The European Union is on track to begin including
biometric identifiers in the passports issued by its member nations
.
By 2008 the biometric data is also expected to include
fingerprints, although EU officials are debating whether
fingerprint data should be made obligatory.
The European Parliament has approved a report issued by the
European Commission which calls for the regulation of standards for
security features and biometrics in EU passports.
The Coelho report is the basis for the regulation, which seeks
to make the use of a facial image in passports obligatory.
It allows the member states to choose whether or not to
introduce biometric fingerprints.
The report was adopted after 471 MEPs voted for it, according to
Danny De Paepe, spokesman for the European Parliament's Civil
Liberties, Justice and Home Affairs Committee on Commission
proposals. Only 118 MEPs voted against and six abstained.
The Council of Ministers, though, is trying to make fingerprints
in passports obligatory.
The legislation is expected to reach an EU committee in January,
where members will have about two months to hammer out the details
of its implementation.
Once the committee completes its work, member states will be
given 18 months before they must begin using facial images in
passports, and 36 months until biometric fingerprints come into
play.
Member states will be able to use a digitised version of a
facial image or a biometric facial scan consisting of 1,840 plot
points on a person's face. That technology is more expensive and
labour-intensive to obtain, but contains more information.
Because it is a regulation, and not a directive, the law would
not affect the UK and Ireland, although the UK government has
already decided to require biometric facial identifiers in
passports issued from in 2005.
One of the major drivers of the regulation is the US biometric
authentication requirement in its Enhanced Border Security and Visa
Entry Reform Act of 2002.
This requires the 27 nations currently participating in the US
Visa Waiver Program to issue new passports with biometric features
that support facial recognition by October 2005.
The UK government expects the US to push back the 2005 deadline
as additional time is needed, in part, to make sure data protection
requirements are considered.
"The US government has been pressing hard on this, although it
has no intention of requiring biometrics in the passports of its
own citizens," said Tony Bunyan, of UK-based European civil
liberties group Statewatch.
De Paepe agreed that while pressure from the US was a factor,
the primary reason behind the regulation is concern for the
security of citizens living in the EU member states.

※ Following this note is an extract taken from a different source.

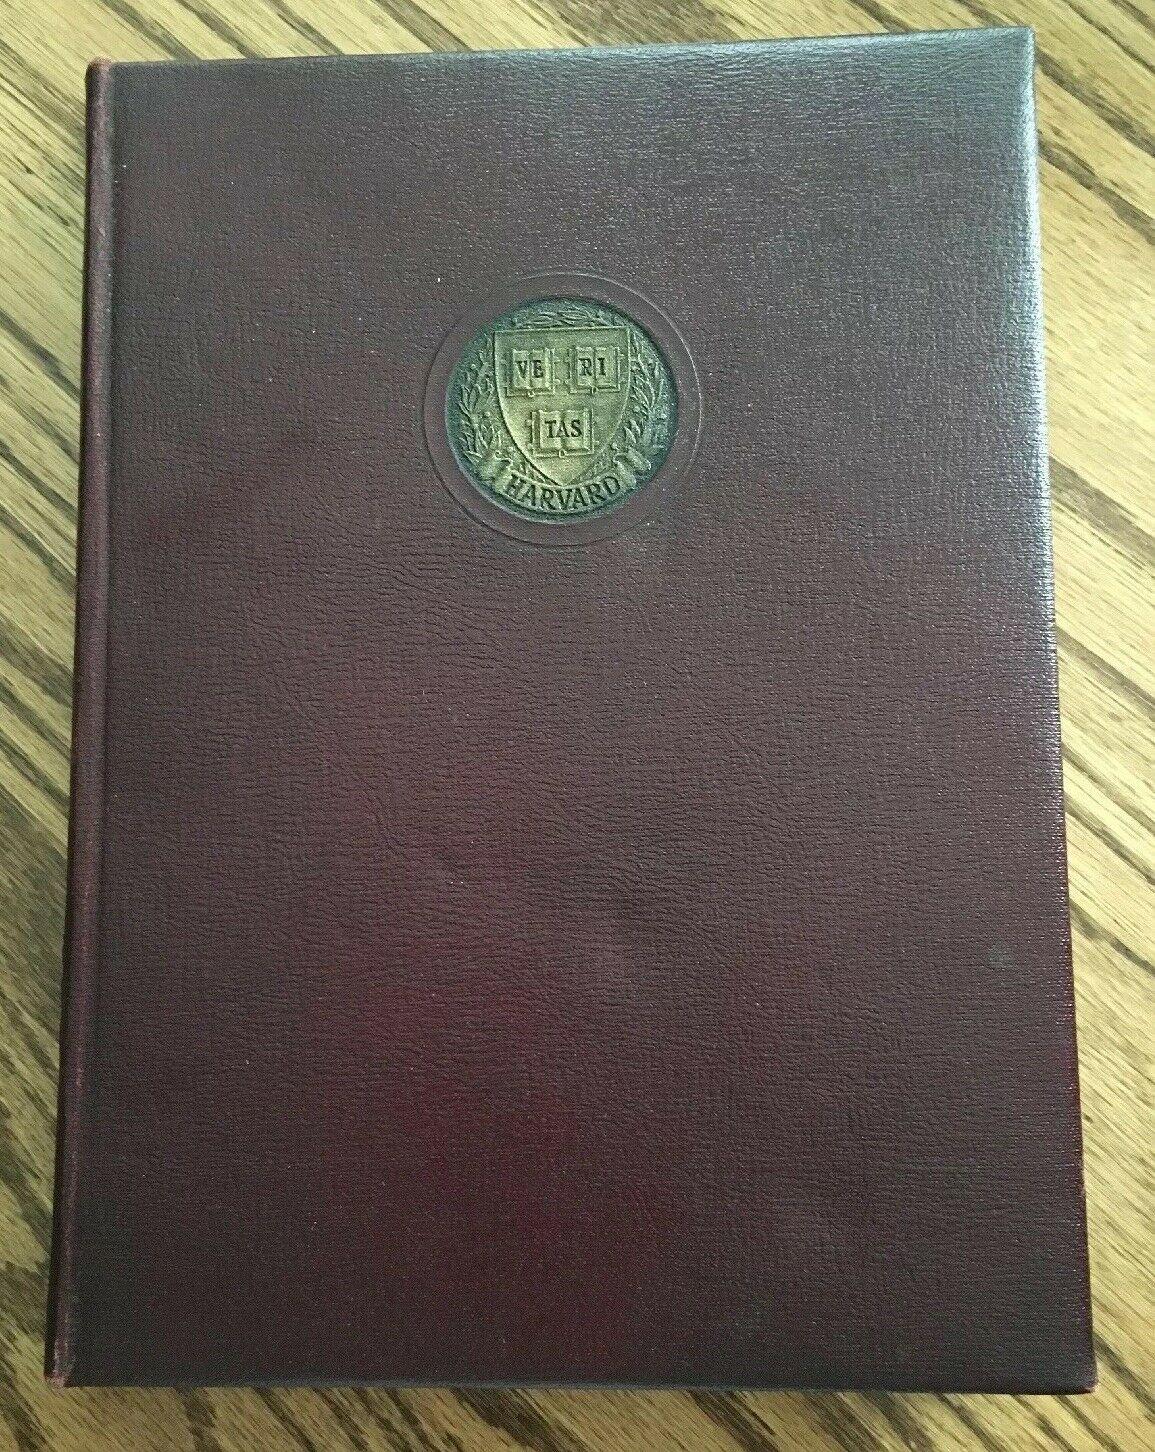 1947 HARVARD UNIVERSITY LAW SCHOOL YEARBOOK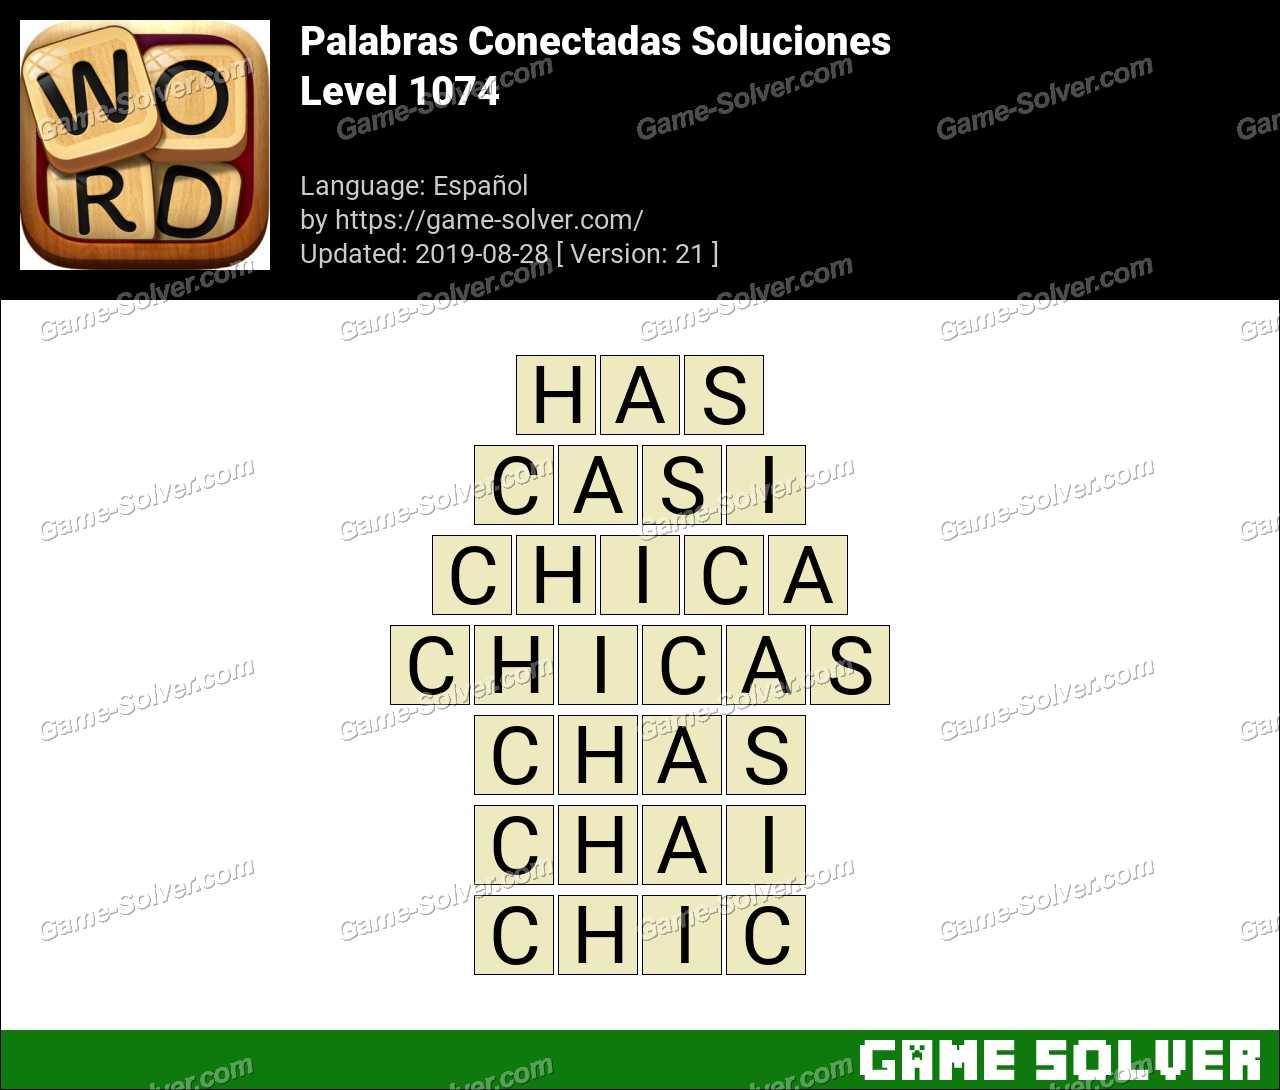 Palabras Conectadas Nivel 1074 Soluciones

The European Commission already produced draft regulations to
introduce, by 2005, biometric data on visas and resident permits
for non-EU nationals.
That information would be stored on national and EU databases
that will be accessible through the Visa Information System held
on the Schengen Information System.
The European Parliament is opposed to establishing a central
database of EU passports and travel documents containing all EU
passport holders' biometric and other data.